Material provided:
________

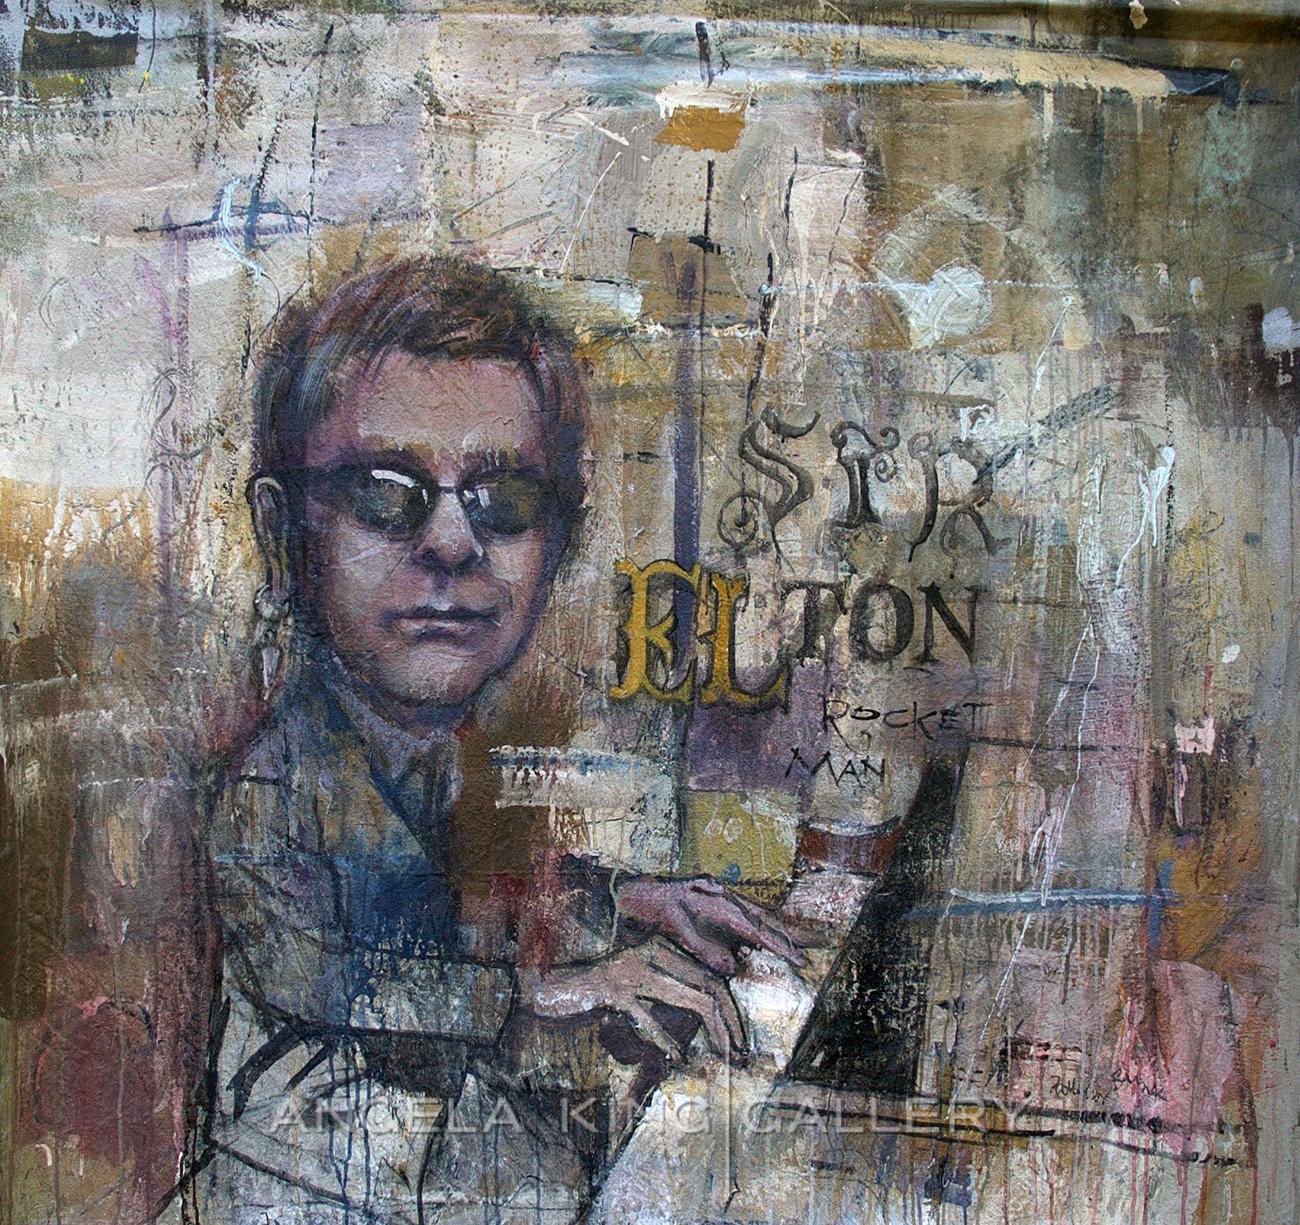 """Sir Elton John """"Rocket Man"""""""
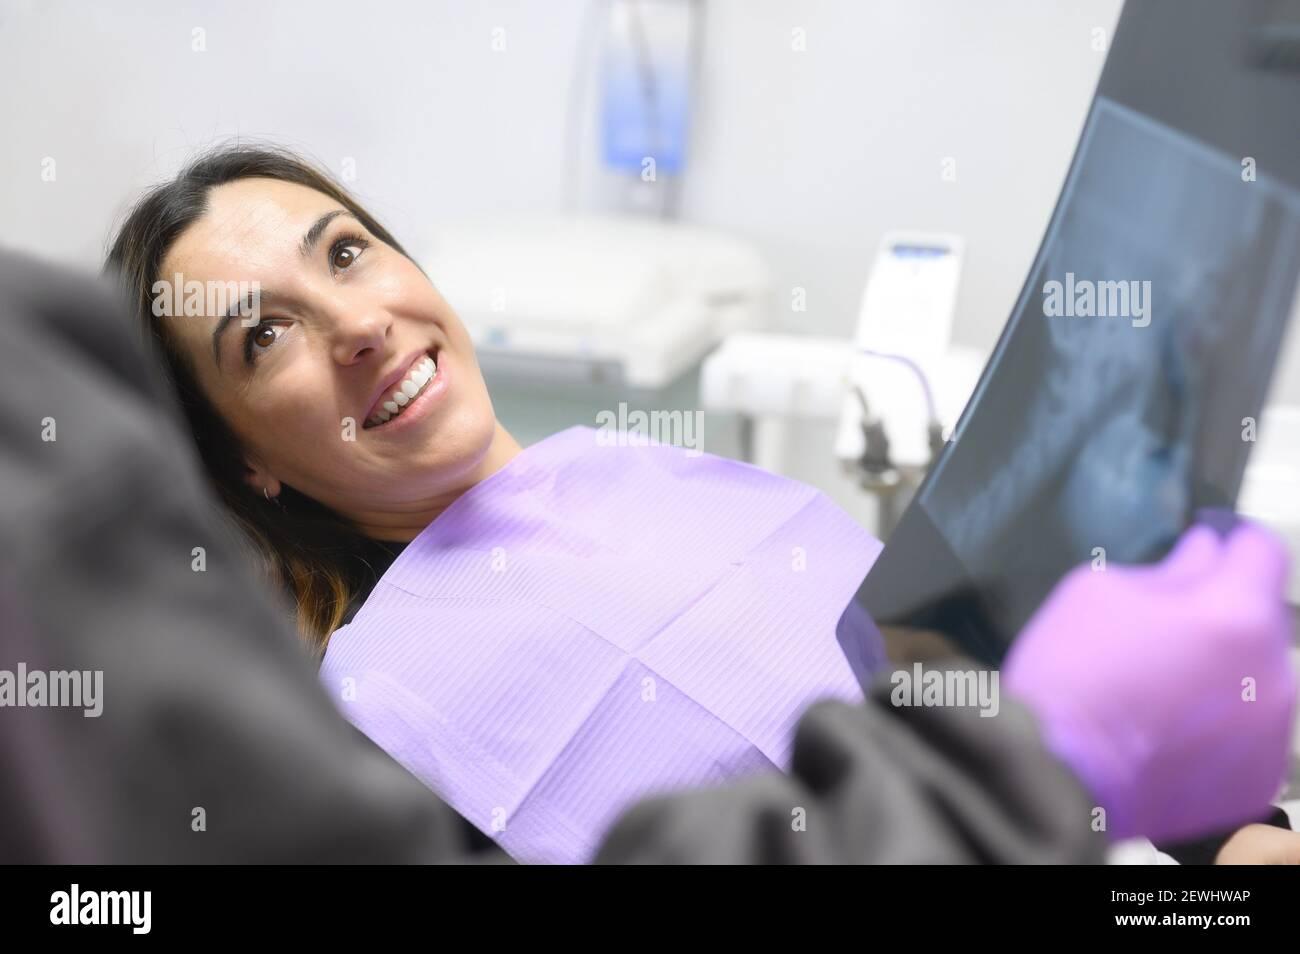 Bonne jeune femme, lors de la consultation avec le dentiste montrant des rayons X dans le cabinet dentaire. Photo de haute qualité. Banque D'Images
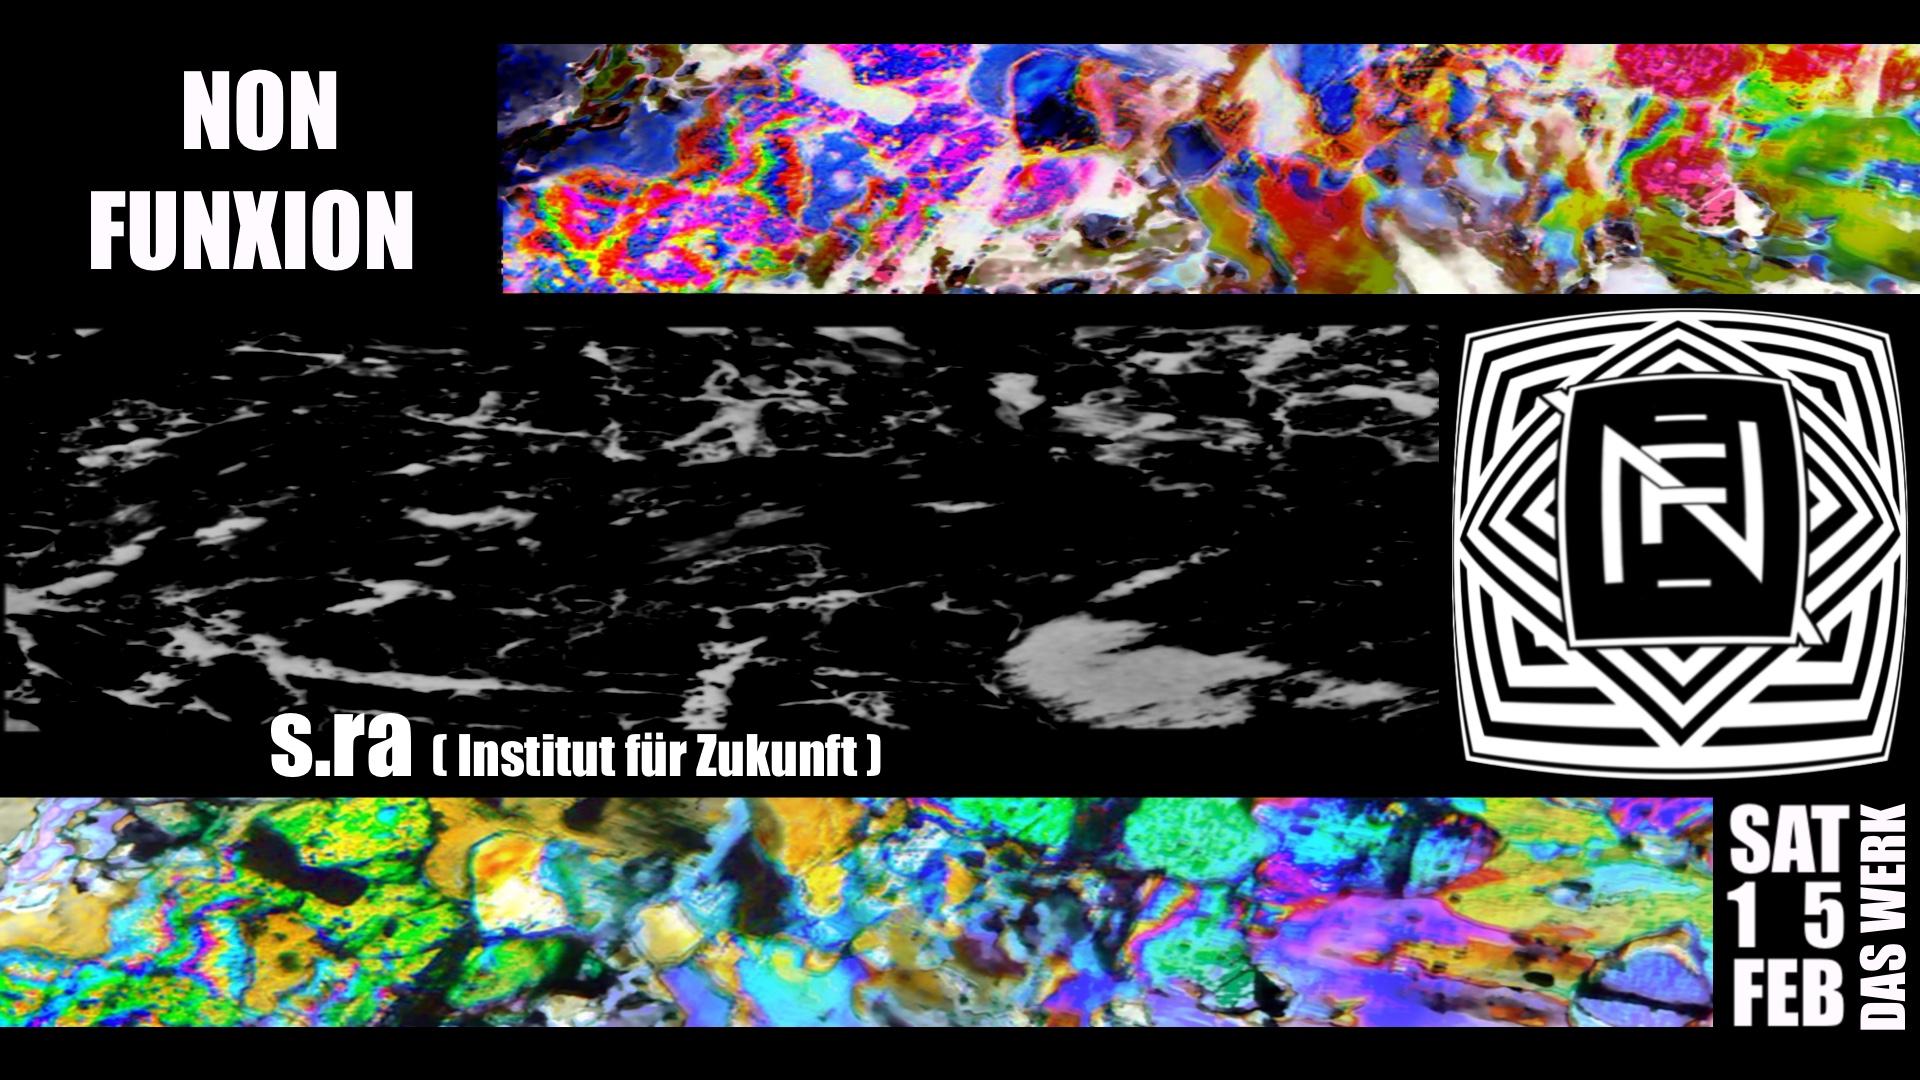 Non Funxion w// s.ra [Institut für Zukunft] am 15. February 2020 @ Das Werk.

________

To do: Starting at the line that contains "Bonne jeune femme, lors", write out exactly each line through the last one in the listing above, leaving out the pictures and adding nothing else.

Exercise solution:
 Bonne jeune femme, lors de la consultation avec le dentiste montrant des rayons X dans le cabinet dentaire. Photo de haute qualité. Banque D'Images
 Non Funxion w// s.ra [Institut für Zukunft] am 15. February 2020 @ Das Werk.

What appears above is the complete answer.